After the temper tantrum it is time to think clearly, if sadly. If the loss of life with no apparent future, ergo nonexistence, is real ... then how am I supposed to feel about life in whatever time I have left? Was all of this meaningless? Nihilists would have you so believe, stating that, no matter what, science tells us that the whole universe will have distributed energy insufficient to raise the temperature even one degree above absolute zero (-273 degrees Kelvin). Their point ... eventual death of everything is simply unavoidable. But, of course, throughout history fools have believed whatever they think they know at their time in history won't change in the future. What foolishness! Myopic tunnel vision.

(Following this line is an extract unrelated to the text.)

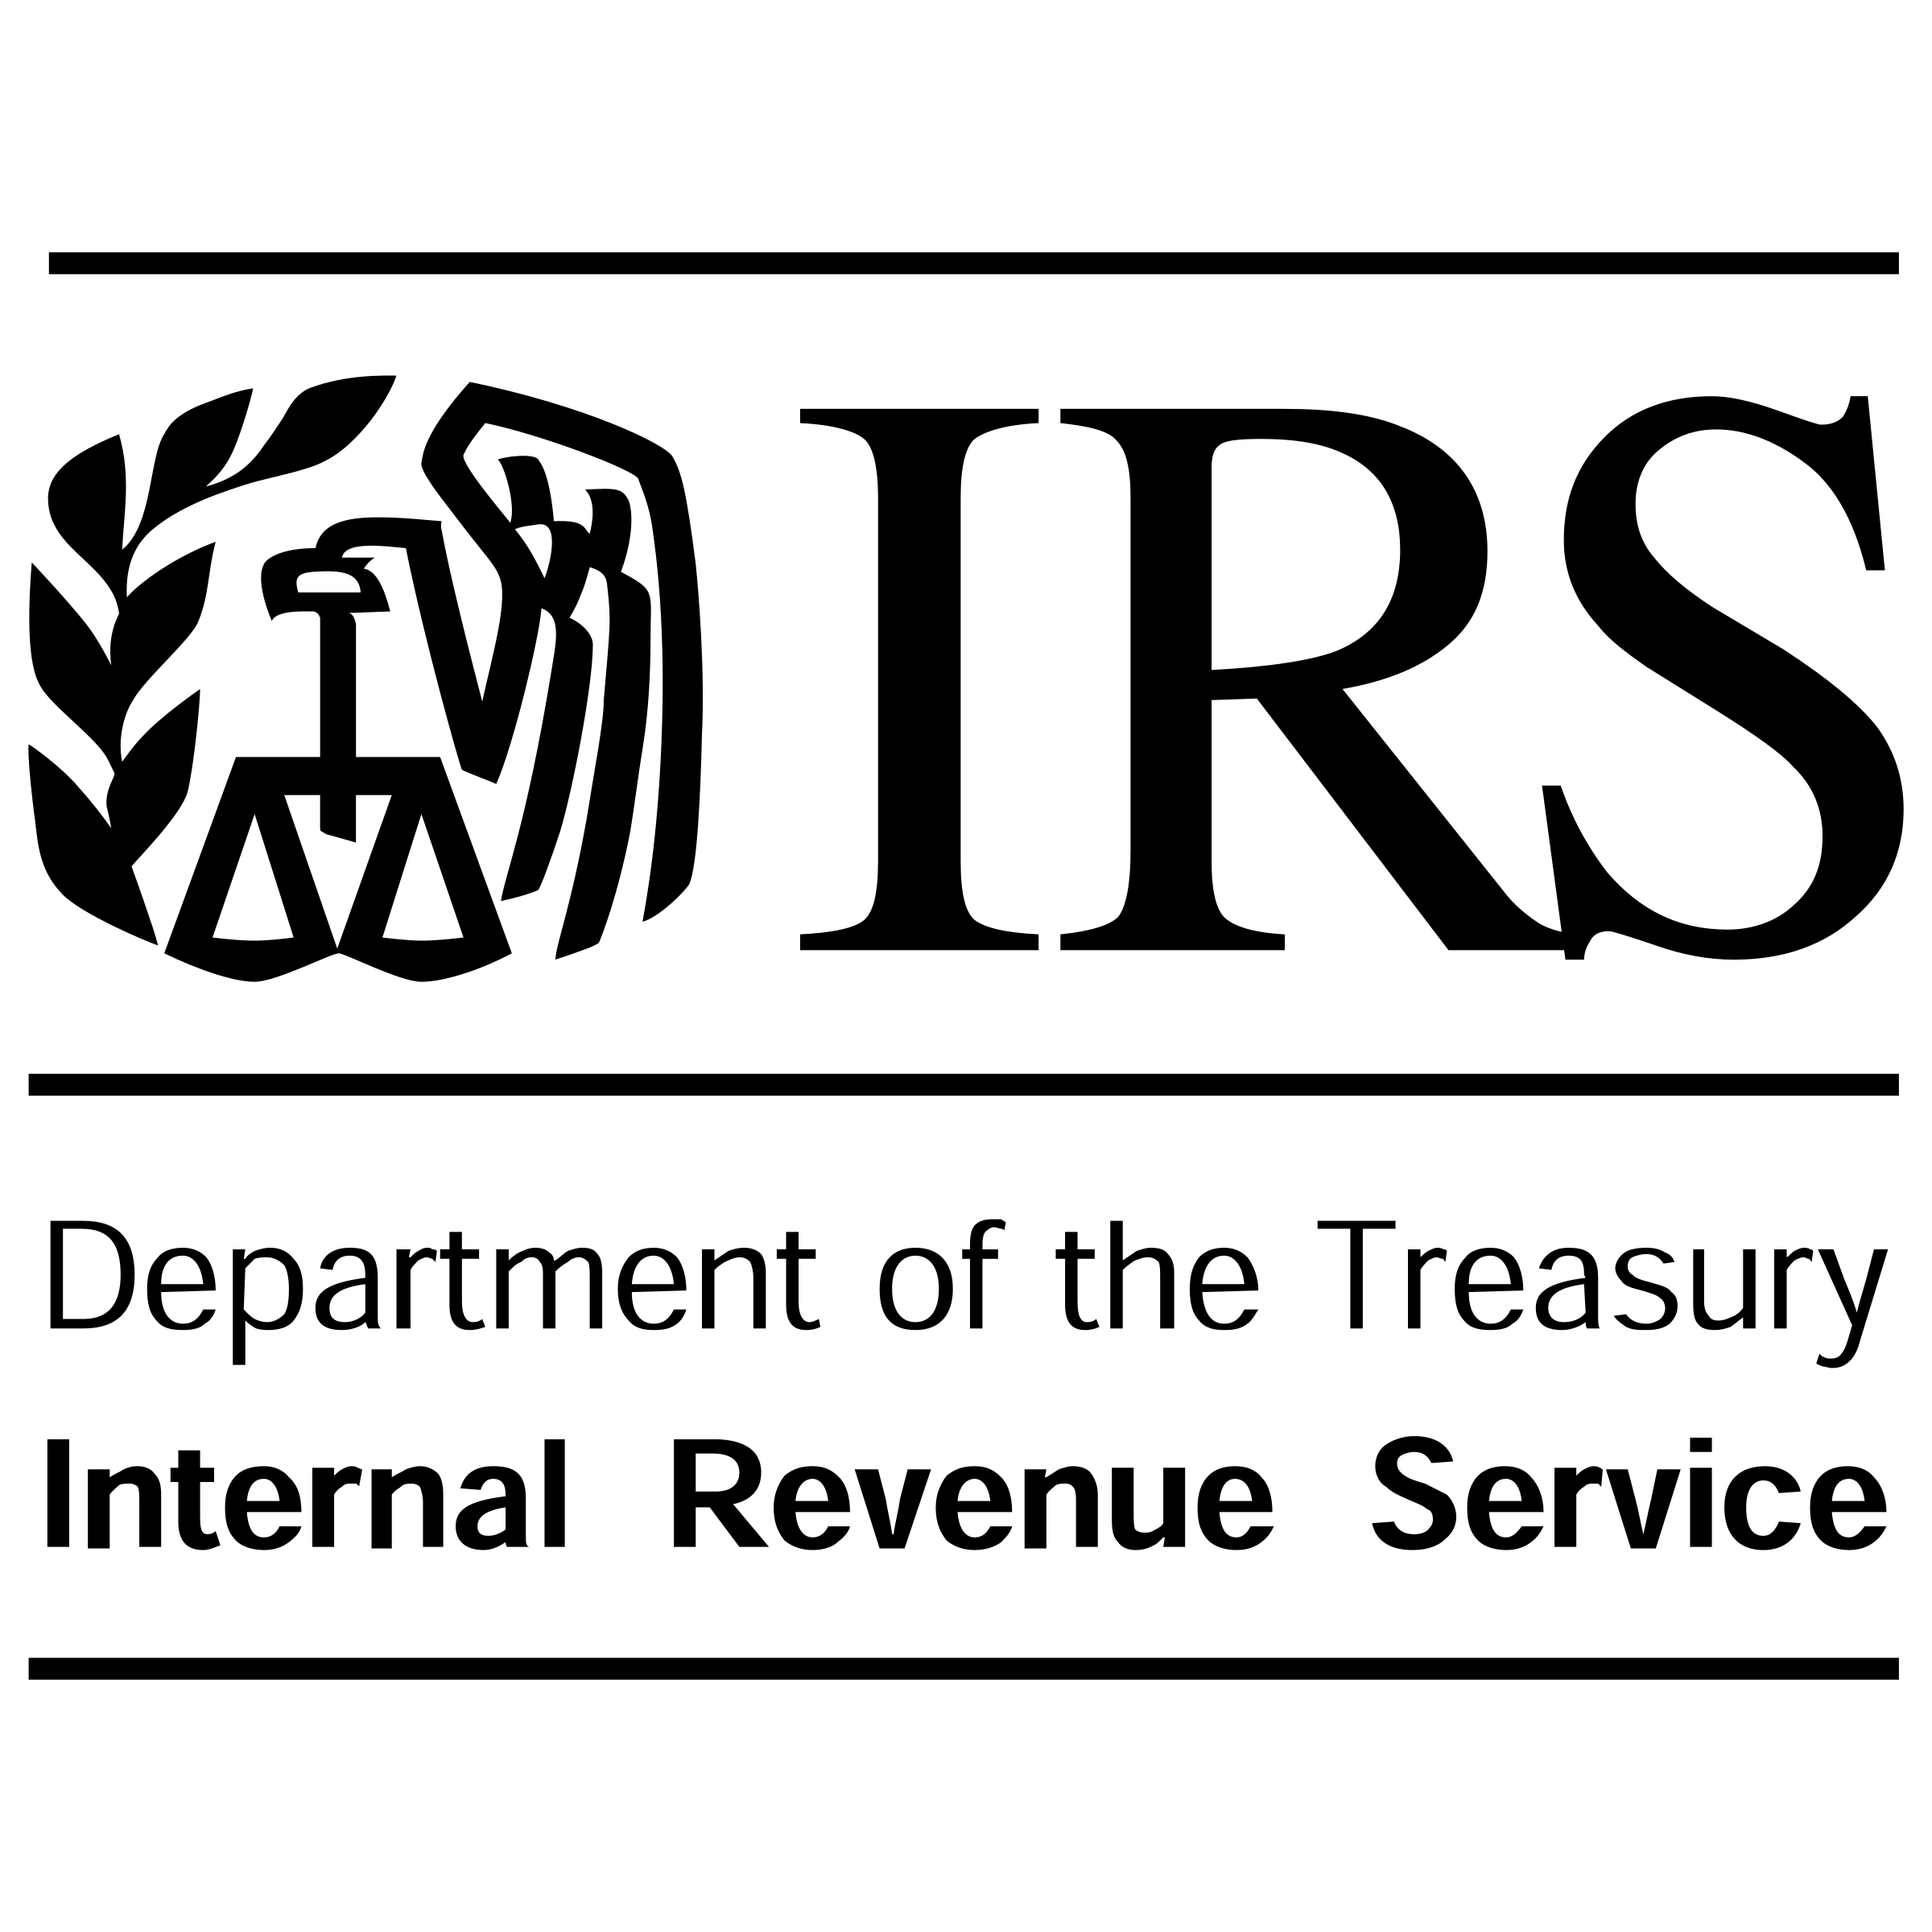 IRS Logo PNG Transparent & SVG Vector.

Well, that didn't help much, did it? CTSD is bad enough. But do you have to address FTSD too? Of course you do. After all, what happens to your consciousness when you die? Does it fall apart as your body rots or is incinerated? Or is it part of some timeless, unknown reality to which we return? Oh, my friend, we simply do not know that answer, but we have no special reason to assume our consciousness will continue any more than that of a squirrel that died a thousand years ago.

Any one of you who have happened to read my book, Destiny, will know exactly where I am headed next in this article. To point, it is the total responsibility of humans to pull themselves out of the reality of death by slowly but surely heading towards immortality. Our next truly big deal is genetic engineering to slow/stop aging and eliminate disease. That is where we must focus our energy, via the physical sciences, until we ultimately achieve physical immortality. No, I said immortality, not immorality!

Wake up and smell the coffee. If we continue to die it is our own fault. Nothingness sucks. But a future of exploring the Universe sounds pretty exciting.